Nous ne sommes pas concurrents, nous ne pouvons pas l’être. Nous sommes des compléments au sein d’un édifice complexe et évolutif, celui de la démocratie.

Croyez bien que je ne me place pas ici dans une quelconque position  de suivisme à l’égard de qui que ce soit, uniquement en position de responsabilité. En position de responsabilité à l‘égard de la société civile organisée, à l’égard des institutions, à l’égard du pays. En tant que président de la 3eassemblée constitutionnelle j’ai ces responsabilités, même si je ne suis pas ce que l’on appelle « un homme politique ».

Je porte ces responsabilités avec vous.

Je suis fier d’être conseiller du CESE, je suis fier d’être le Président du CESE.

J’ai conscience de ce que nous faisons pour notre pays, j’ai une grande conscience de ce que nous pouvons faire pour lui, car nous avons une place à tenir, une place modeste, je le dis et le répète, mais dans le combat permanent de la défense de nos valeurs de liberté, d’égalité, de fraternité, chaque institution a sa place à tenir, telle une unité militaire, car ces idées de liberté , d’égalité , de fraternité, de laïcité, de tolérance, nous en sommes nous aussi, société civile organisée porteurs et défenseurs.

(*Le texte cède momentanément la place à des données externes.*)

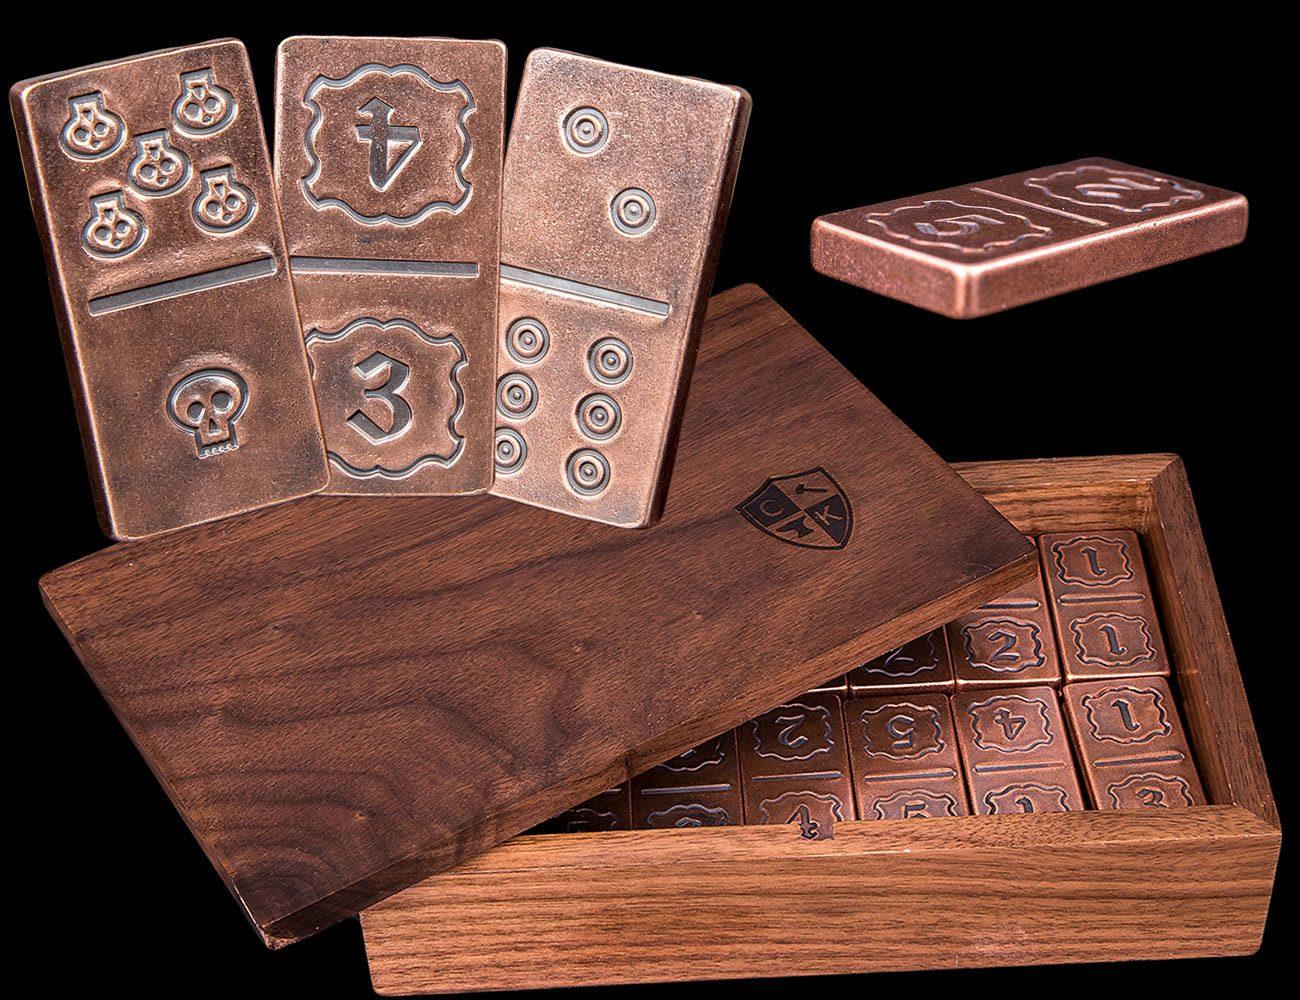 Handmade+Solid+Copper+Metal+Domino+Game+Set+In+Box+%26amp%3B+Dice

Nous le voyons bien, chaque jours les attaques du quotidien contre ces valeurs partagées qui sont les nôtres se répètent, insidieusement.

Nous participons de la vigueur de la réponse démocratique.

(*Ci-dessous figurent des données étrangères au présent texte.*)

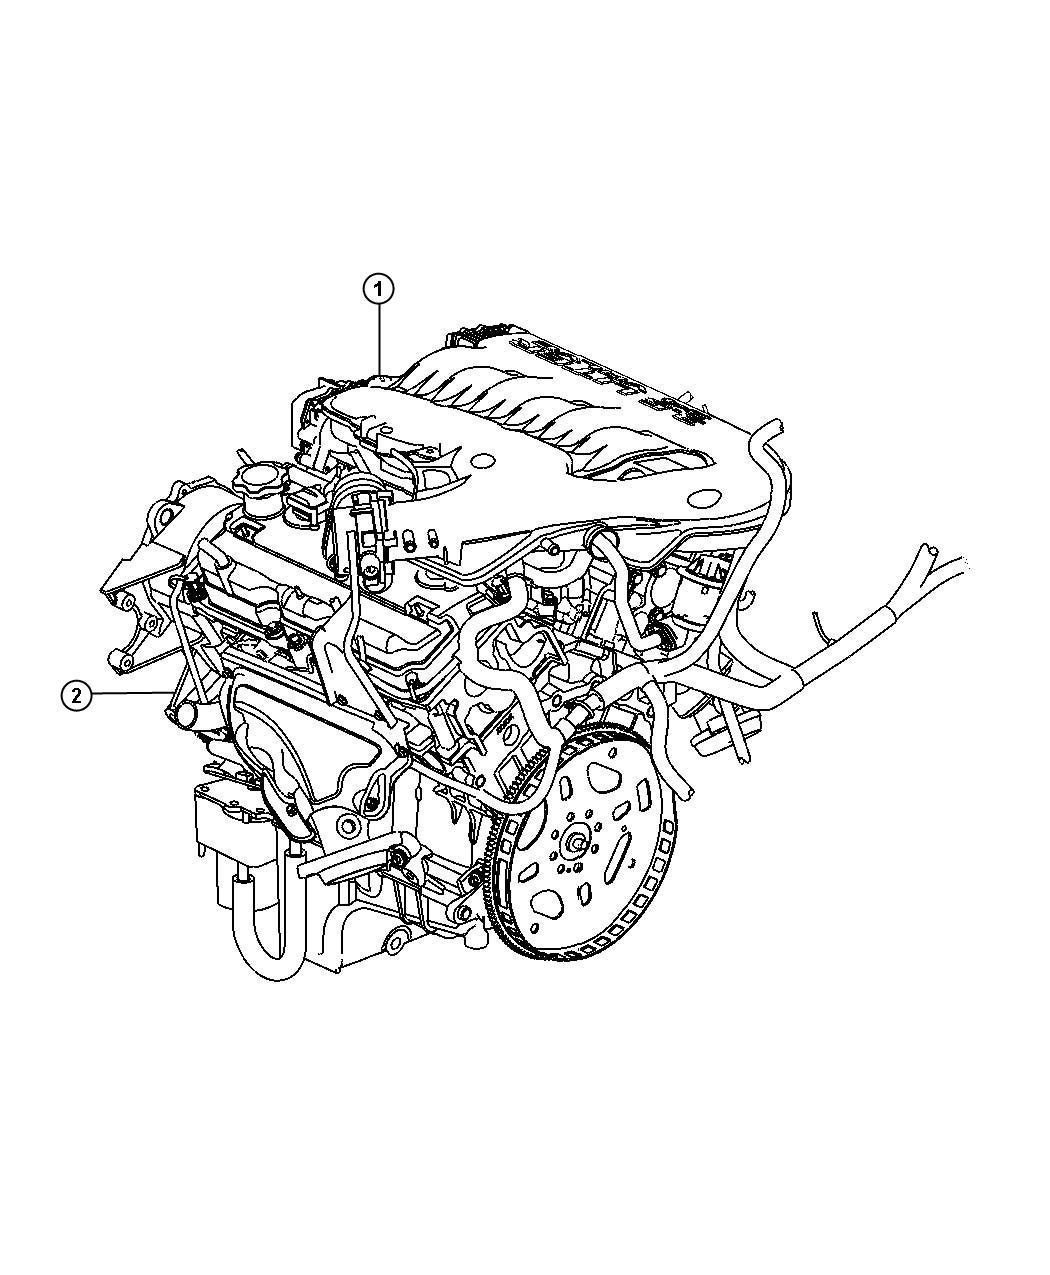 Chrysler 300 Engine  Long Block  Export

Regardons bien notre pays, regardons bien le monde. Pendant des années, avant la chute du mur, puis après la chute du mur, rien ne se passait, l’histoire disaient certains s’était arrêtée... Depuis quelques temps, l’histoire s’est remise en route. Le monde fait face à  des menaces grandissantes, nos concitoyens sont confrontés à des peurs nouvelles ou renaissantes : défis écologiques, conséquences migratoires des guerres et des changements climatiques, irruption  de l’intelligence artificielle, terrorisme, harmonie sociale à réinventer ; chacun  à notre niveau nous devons y répondre. 

Pour ma part j’estime que le rôle du Conseil que je préside est d’apporter sa contribution à cette réponse.

Cela est à notre choix, cela est désormais à la décision du Parlement.

Je vous remercie.

Patrick Bernasconi, le 27 juin 2018.